• About this task: Using the entries that follow, transcribe only the lines from the line with "Titel: Wertschöpfung in" to the line with "トロピカル EDM サイエンス 実験映画の未再生の波形", both included, exactly as they stand and without pictures.

• Material shown:
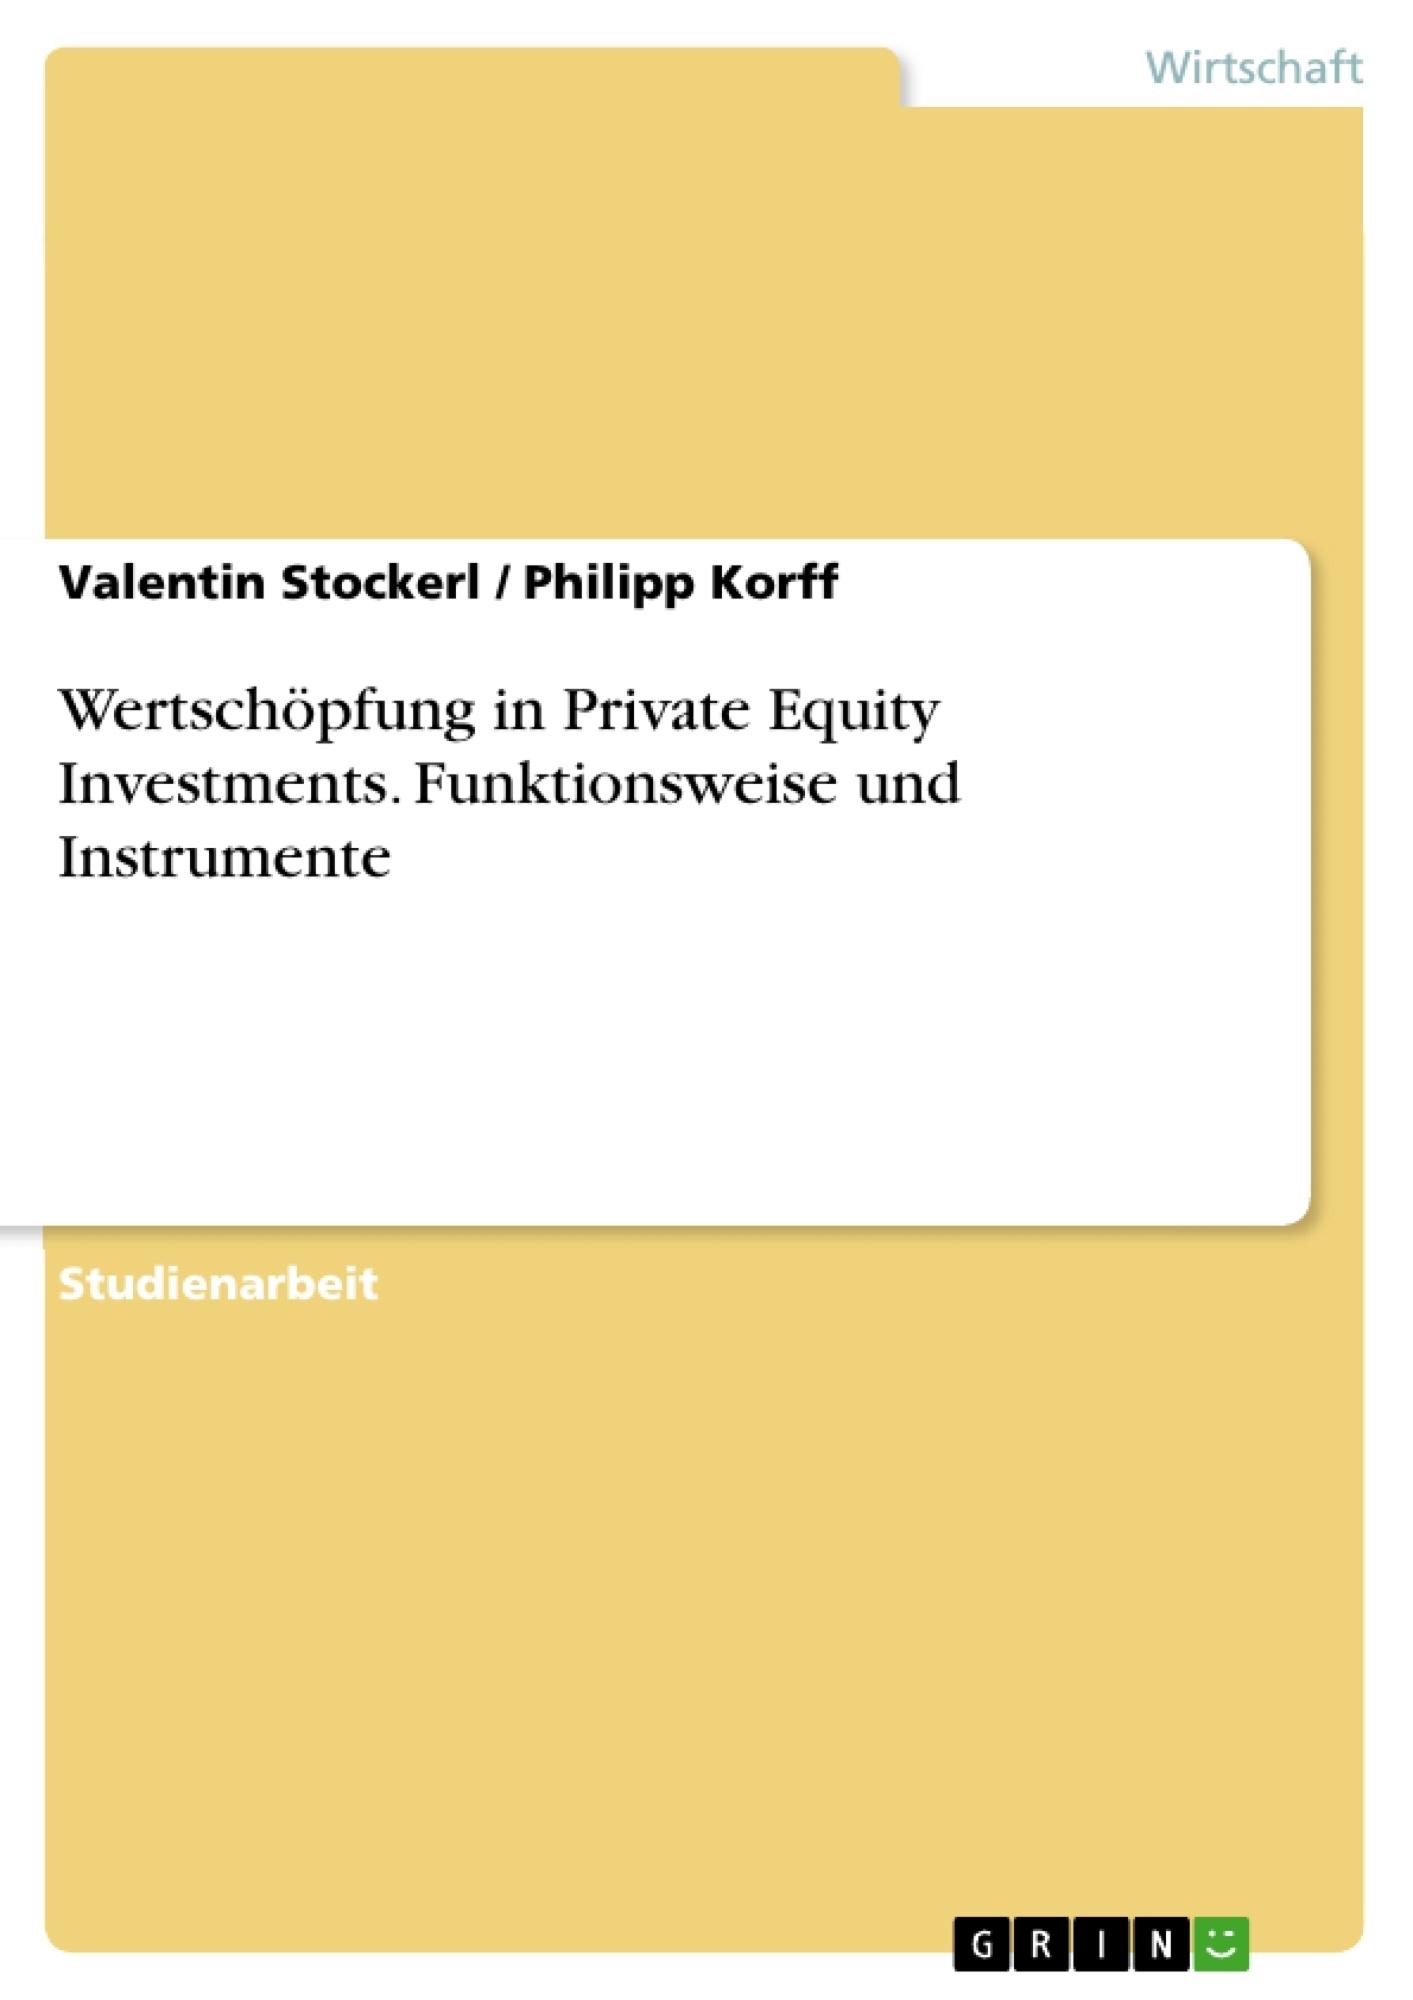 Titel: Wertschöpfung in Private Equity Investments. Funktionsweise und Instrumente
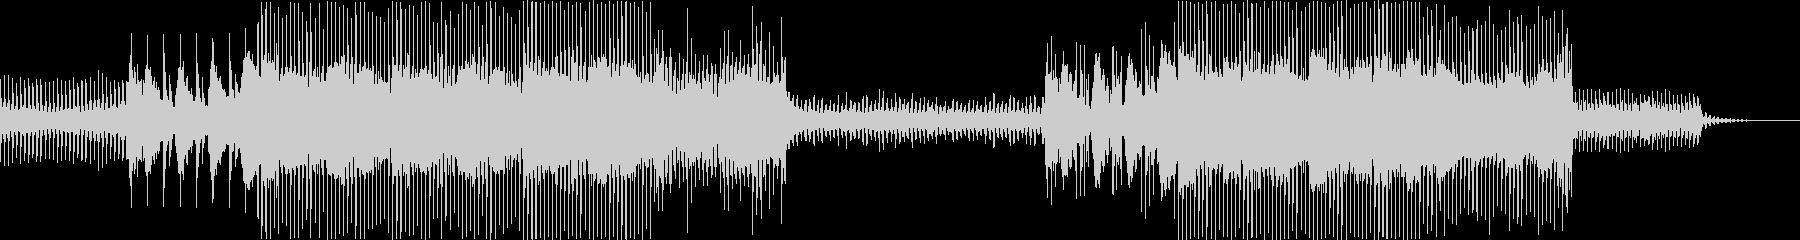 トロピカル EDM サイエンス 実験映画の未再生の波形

--

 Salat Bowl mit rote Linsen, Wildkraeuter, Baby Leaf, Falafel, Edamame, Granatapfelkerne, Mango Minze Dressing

...

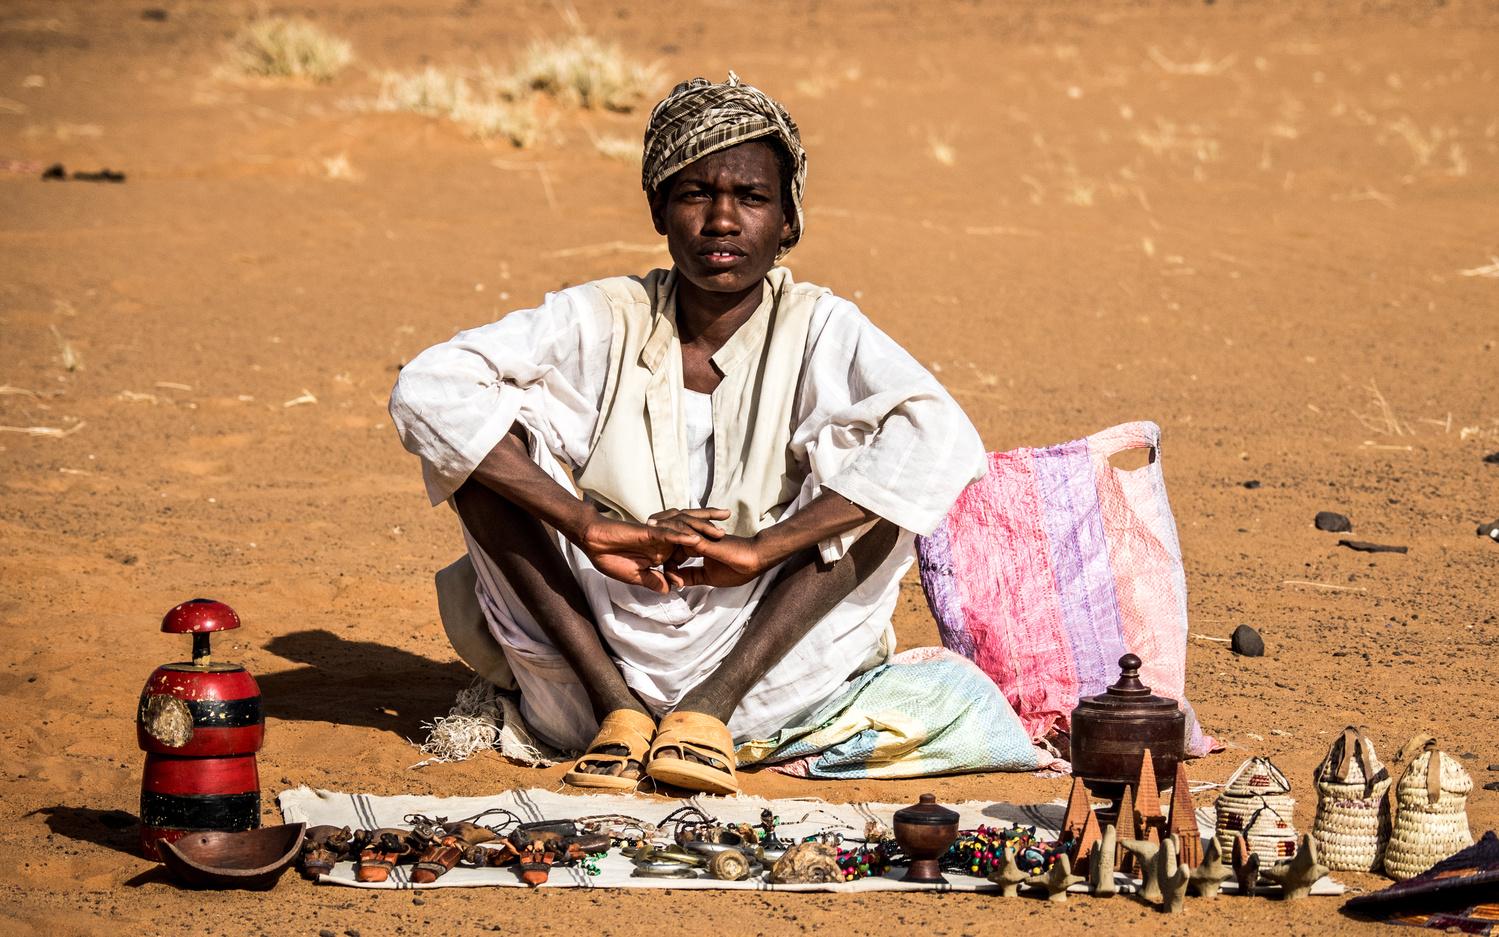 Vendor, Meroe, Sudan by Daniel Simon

• Solution to the exercise:
 Titel: Wertschöpfung in Private Equity Investments. Funktionsweise und Instrumente
 トロピカル EDM サイエンス 実験映画の未再生の波形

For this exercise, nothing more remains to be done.